On the receiver side, analogously to the symmetrical case, the sequence of pseudo-random numbers is determined from the BBS generator sequence that has just been calculated backwards, and the plain text is ultimately generated by XORing the ciphertext.

However, an asymmetrical cryptosystem constructed in this way is not secure against active attackers, e.g. B. by an attack with freely selectable ciphertext (English: chosen-ciphertext attack ).

safety

The security of the BBS generator is based on the factorization assumption (FA). Anyone who can break BBS can factorize too, but this is considered practically impossible. Hence, BBS is safe.

Factoring Assumption (FA) : The probability that a fast factorization procedure successfully factors an integer n = pq decreases rapidly with increasing length of the factors p and q .

At the moment, no reliable statement can be made about how difficult factorization is. In other words, the question of an algorithm that performs the prime factorization into p and q in a reasonable time when any n is entered remains unanswered. Thus, the problem can only be assessed with the help of an assumption.

For concrete practical applications it is then required that, given the length of the prime factors, only a certain part can be factored in a certain time with the maximum available computer capacity and the best known factoring methods, e.g. For example, with a length of 1024 bits, ^2-50 % of all n are factored in a year.

Those who can factorize can also break BBS. Factoring allows the residual square assumption to be broken, which allows the pseudorandom sequence to be predicted.
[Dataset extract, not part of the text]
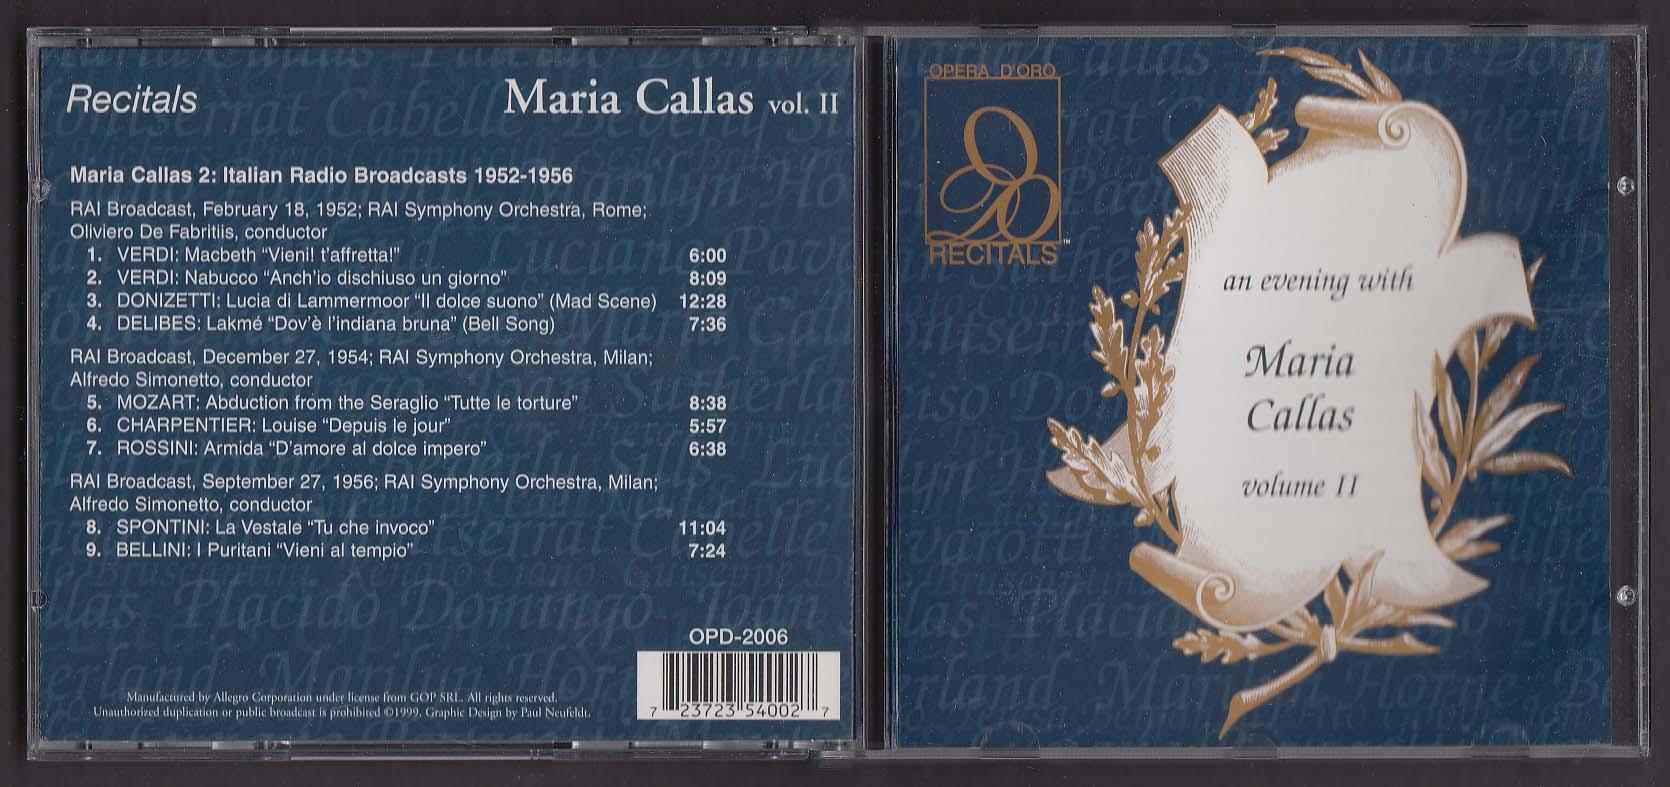 Image for Maria Callas Vol II OPD-2006 Opera D'Oro Recitals CD 1999

Quadratic residues assumption (QRA) (English: quadratic residuosity assumption ): It is difficult (in terms of time-consuming), of a given number to determine whether it is a quadratic residue in a residue class ring is d. H. whether there is a number such that is. Like the FA, the QRA has not been proven. ${\ displaystyle a}$ ${\ displaystyle \ mathbb {Z} / n \ mathbb {Z}}$ ${\ displaystyle b}$ ${\ displaystyle a \ equiv b ^ {2} {\ pmod {n}}}$

Two points make this test difficult. First, in a residue class ring there are multiple roots to a given number. So have z. As in the figures 1 and 3, the same squares: . Second, one is only interested in squares that are themselves squares. This fact can be illustrated by the definition of the BBS generator sequence. ${\ displaystyle \ mathbb {Z} / 4 \ mathbb {Z}}$ ${\ displaystyle 1 ^ {2} \ equiv 3 ^ {2} \ equiv 1 {\ pmod {4}}}$

In summary, the following applies: The security of the BBS generator is equivalent to the factorization assumption.

Individual evidence

^ Andrey Sidorenko and Berry Schoenmakers: Concrete Security of the Blum-Blum-Shub Pseudorandom Generator . In: Cryptography and Coding 2005 . 2005, p. 355-375 ( tue.nl [PDF]).

literature

Lenore Blum, Manuel Blum, and Michael Shub: A Simple Unpredictable Pseudo-Random Number Generator , SIAM Journal on Computing, Volume 15, No. 2, Pages 364-383, May 1986.
Lenore Blum, Manuel Blum, and Michael Shub: Comparison of two pseudo-random number generators , Advances in Cryptology: Proceedings of Crypto '82.
Martin Geisler, Mikkel Krøigård, and Andreas Danielsen: About Random Bits , December 2004. As PDF and Gzipped Postscript .

[1] Andrey Sidorenko and Berry Schoenmakers: Concrete Security of the Blum-Blum-Shub Pseudorandom Generator . In: Cryptography and Coding 2005 . 2005, p. 355-375 ( tue.nl [PDF]).